_BRIEF_. For this listing, reproduce the line with "restful, seniors - 13541170", the line with "Д. Перова Археологические", and the lines between, exactly as they stand. Leave out pictures and all other lines.

_STUDY MATERIAL_.
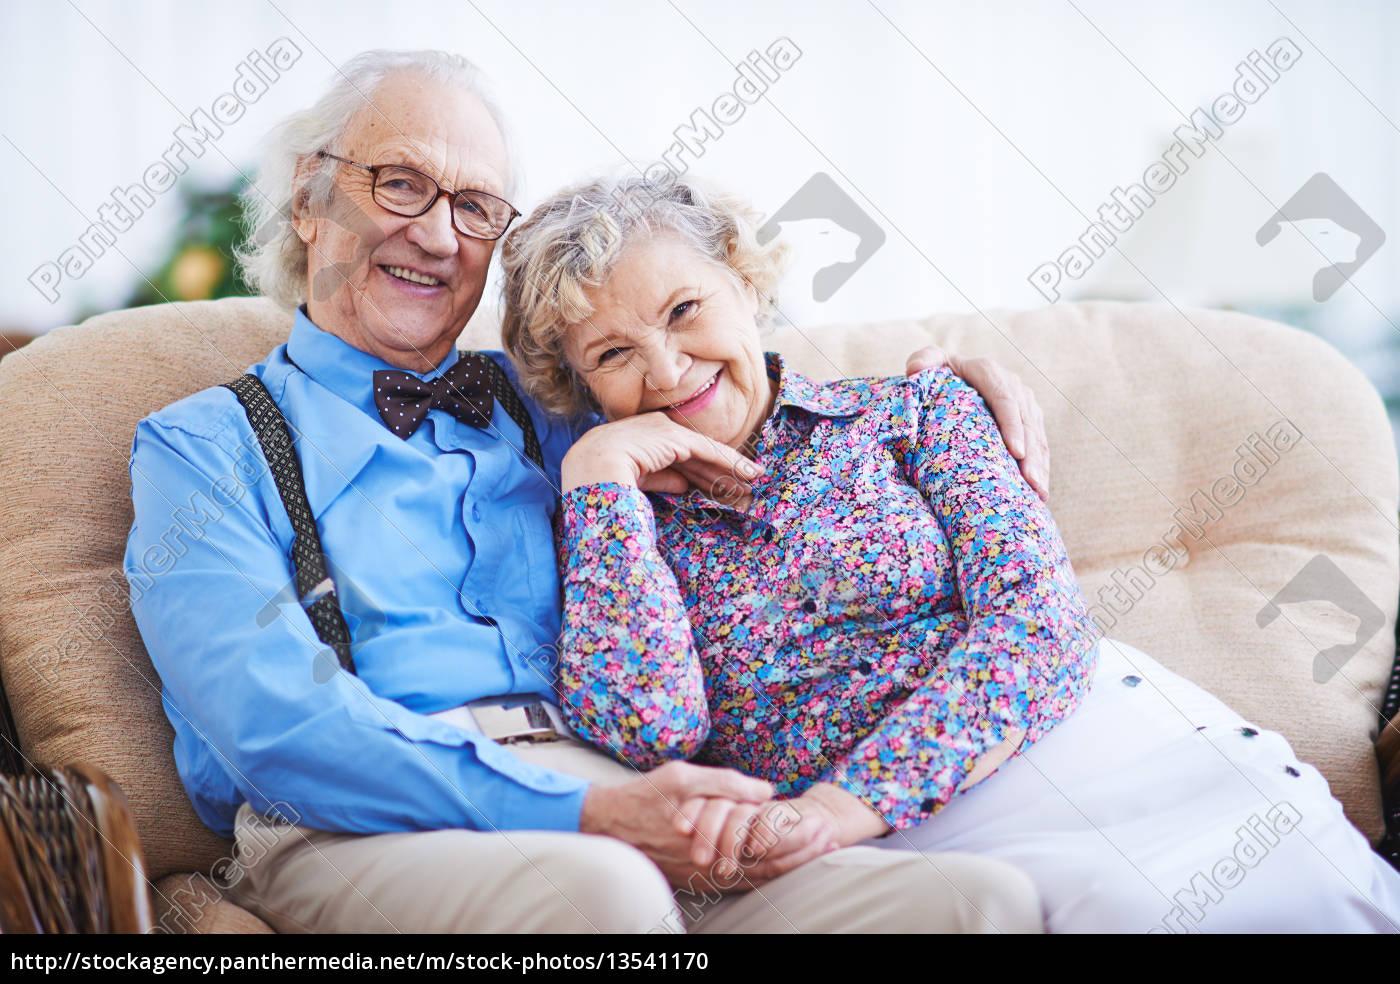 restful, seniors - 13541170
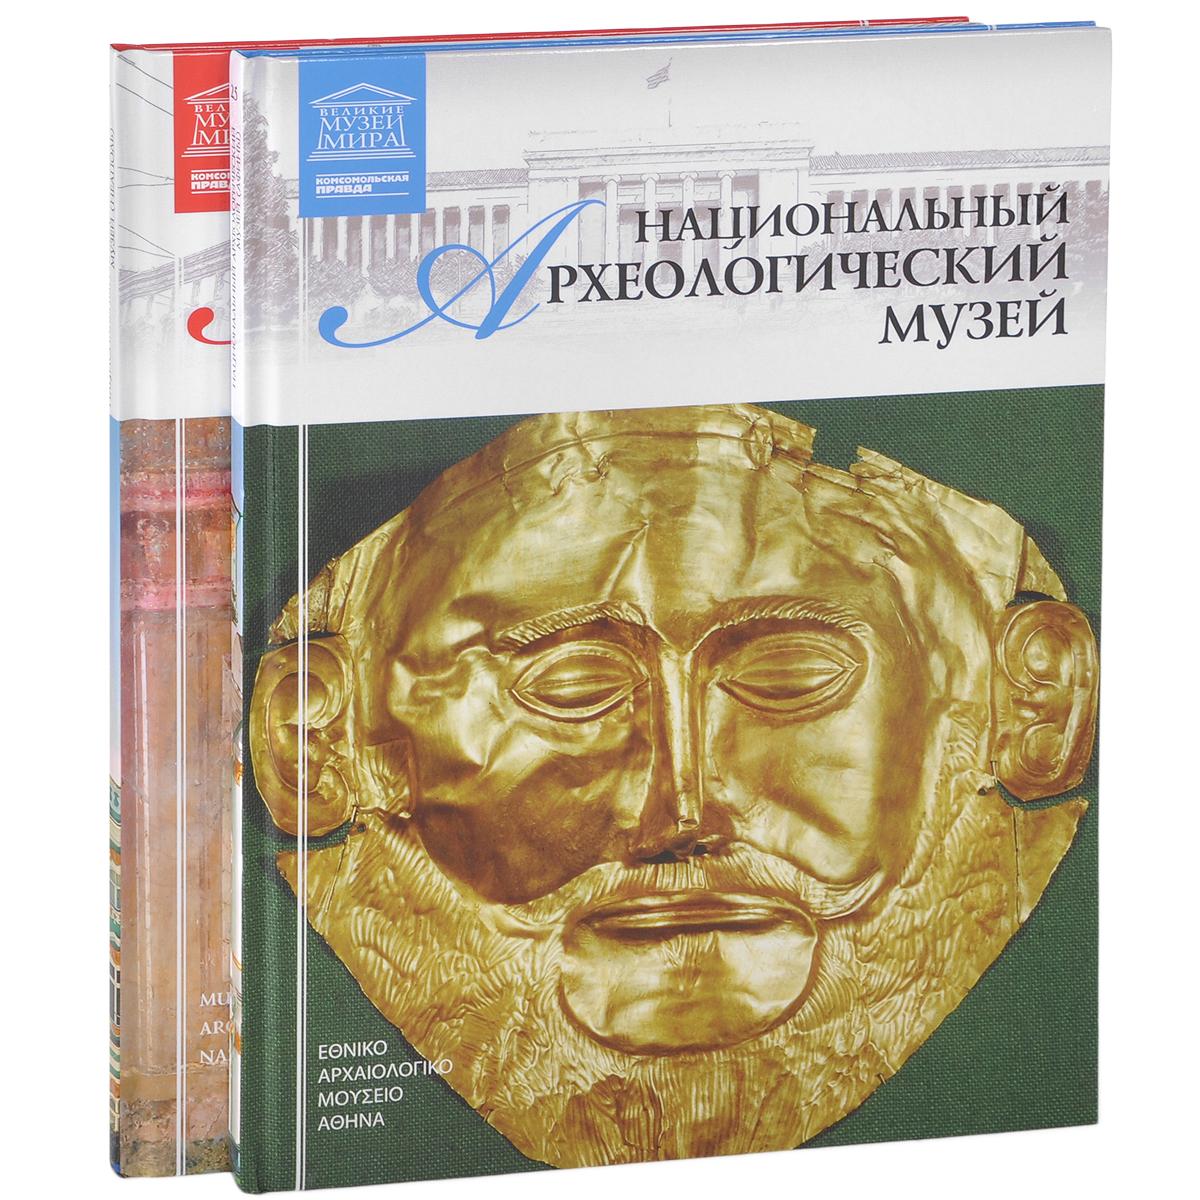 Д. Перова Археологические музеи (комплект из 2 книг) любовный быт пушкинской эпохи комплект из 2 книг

==

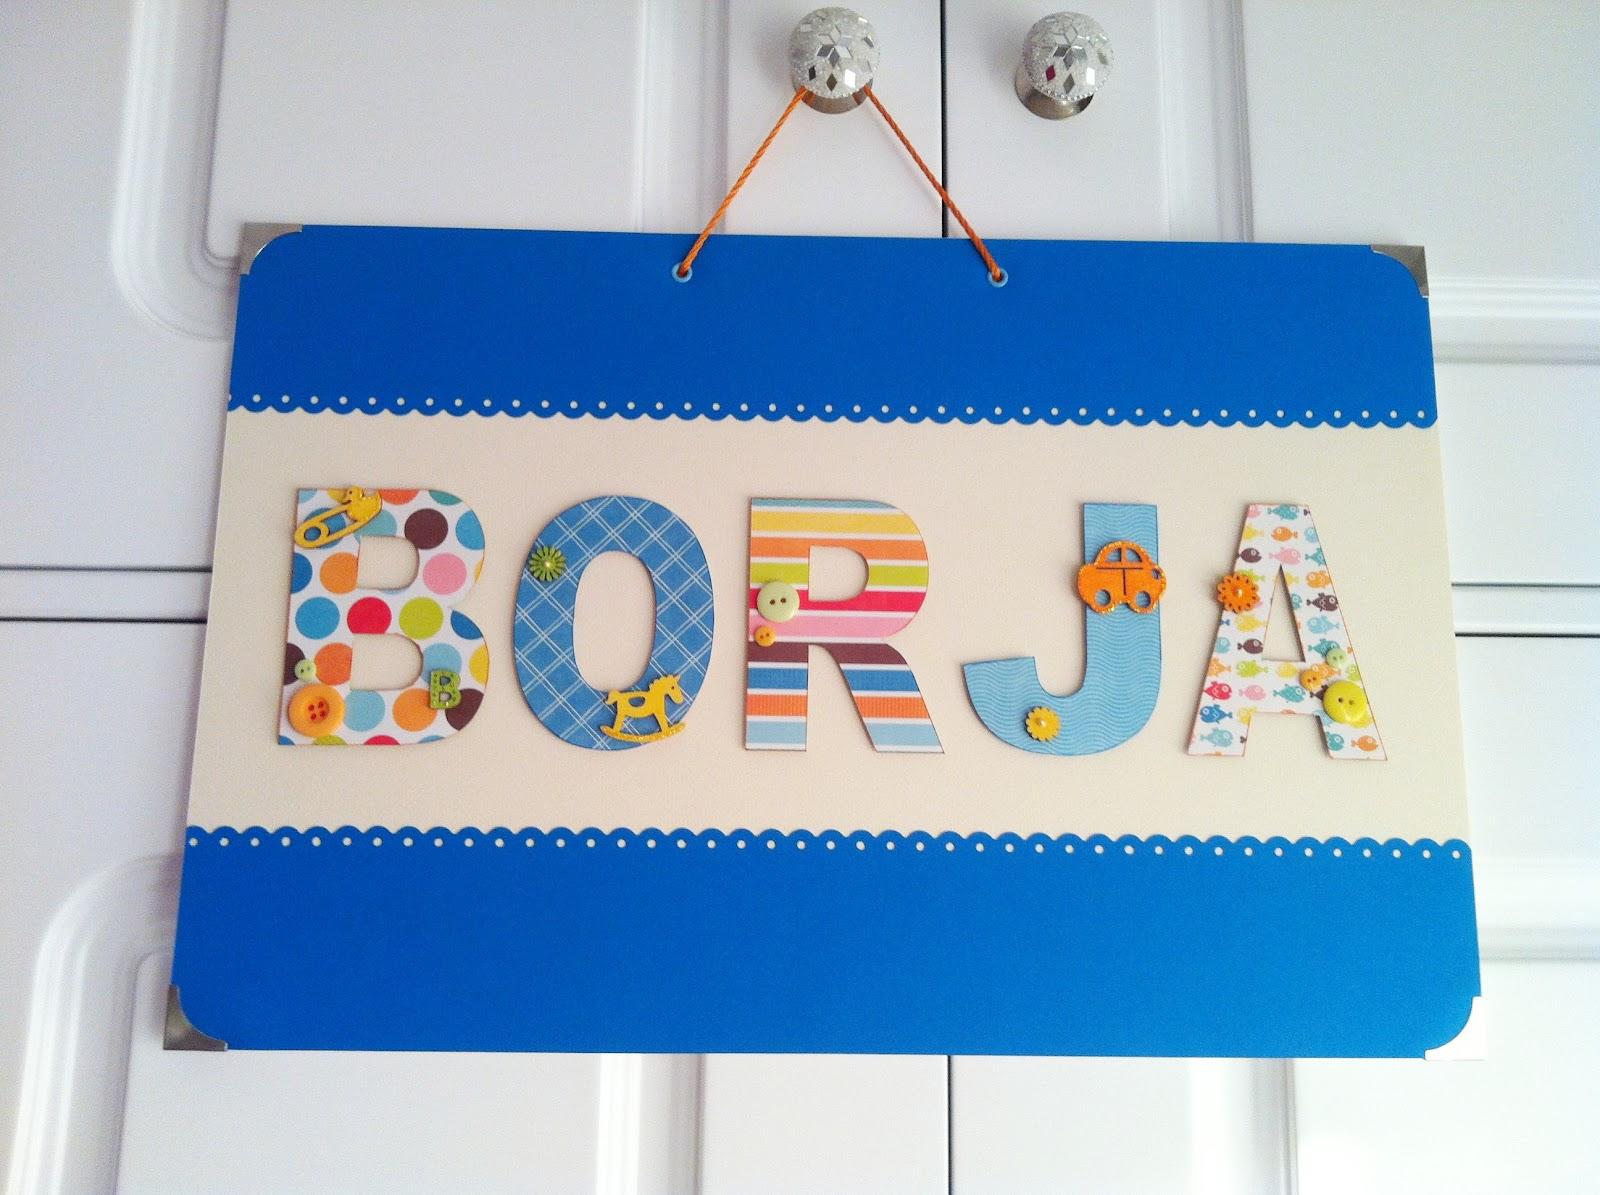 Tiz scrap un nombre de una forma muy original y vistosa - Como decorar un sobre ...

_RESULT FOR THIS EXERCISE_.
 restful, seniors - 13541170
 Д. Перова Археологические музеи (комплект из 2 книг) любовный быт пушкинской эпохи комплект из 2 книг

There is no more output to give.